DIRECTIONS -> Tally every line below where "with" appears, then report the total alone.

ENTRIES PROVIDED ->
-=-=-=-=-

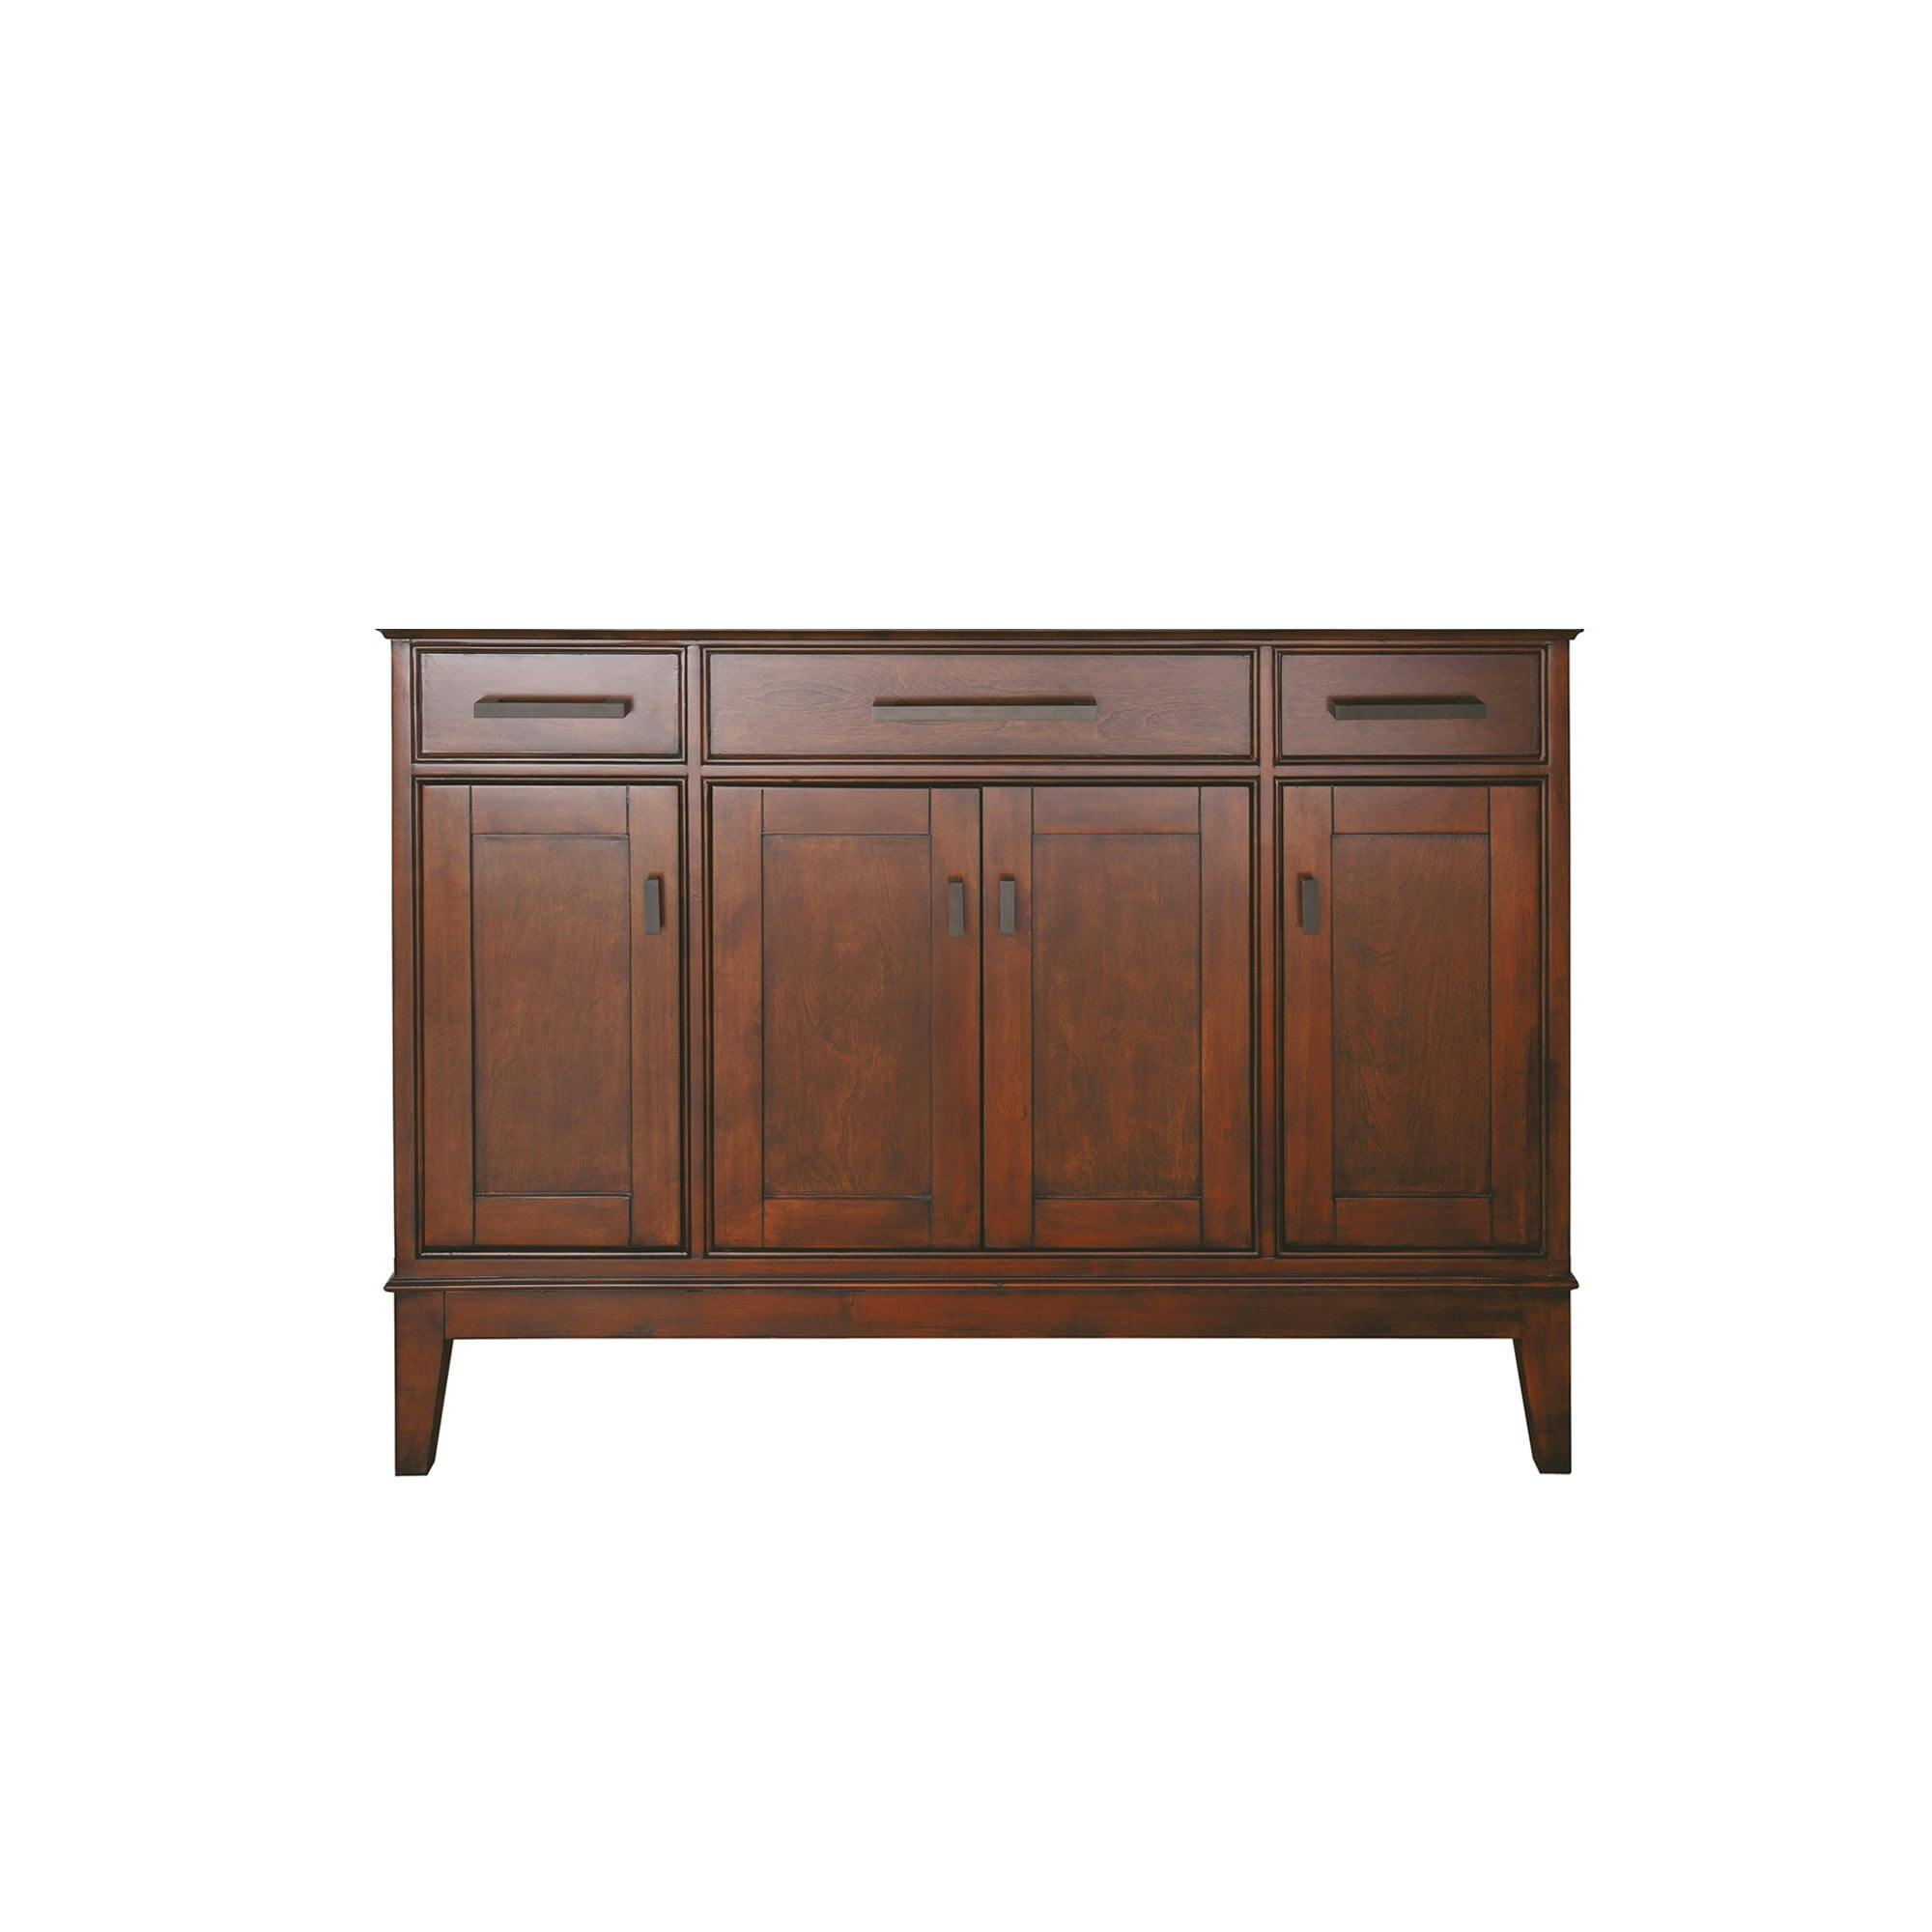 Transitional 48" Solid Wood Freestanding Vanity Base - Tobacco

-=-=-=-=-

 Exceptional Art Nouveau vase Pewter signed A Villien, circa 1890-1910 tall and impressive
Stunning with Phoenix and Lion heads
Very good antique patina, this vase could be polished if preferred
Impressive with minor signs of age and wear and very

-=-=-=-=-

EXERCISE ANSWER -> 2